- Born: 1835
- Died: March 31, 1919 (aged 83–84)

= Elizabeth Blakeley =

Elizabeth "Betsey" Blakeley was a freedom seeker who escaped to Boston through the Underground Railroad.

She was born enslaved in Wilmington, North Carolina and was mistreated by her enslaver, George W. Davis, British consul for Wilmington. At fifteen years old, Blakeley was determined to escape. She hid on a boat to Boston in December 1849. George W. Davis smoked out the vessel with tobacco and sulfur three times to force Elizabeth out of the ship but she refused to emerge. Upon arrival after a four week journey, she shared her story with abolitionists at the 18th meeting of Massachusetts Anti-Slavery Society in Faneuil Hall. Blakeley's story was recorded in William Lloyd Garrison's abolitionist newspaper, The Liberator.

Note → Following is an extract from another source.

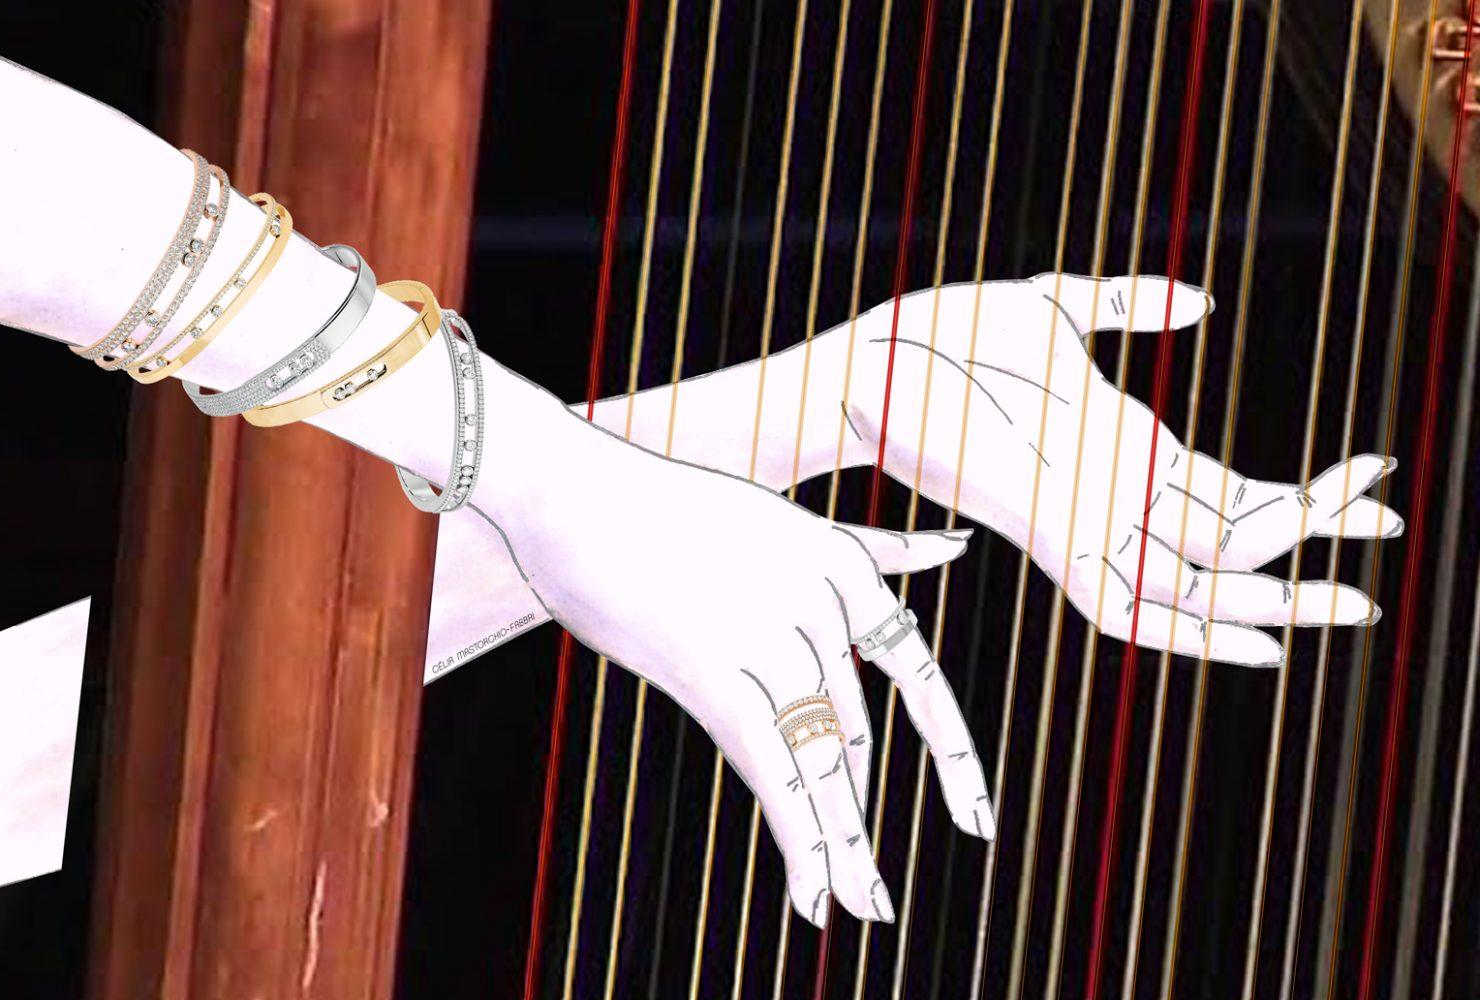 celia-mastorchio-fabbri-illustration-jewelry-messika-move-bracelets-rings-noa-romane

She married a man named William Hudson in Boston in 1854, and the couple moved to New Haven, Connecticut in 1855. The couple later relocated to St. John's Ward, Toronto with the help of William Cooper Nell. The Blakeley family moved back to Chelsea, Massachusetts in the 1870s where Elizabeth died in 1919.

== Legacy ==
On September 24, 2023, Blakeley's legacy was honored alongside Lewis Hayden in a set of choreopoems by Boston Poet Laureate Porsha Olayiwola at Faneuil Hall. In 2023, she was recognized as one of "Boston’s most admired, beloved, and successful Black Women leaders" by the Black Women Lead project.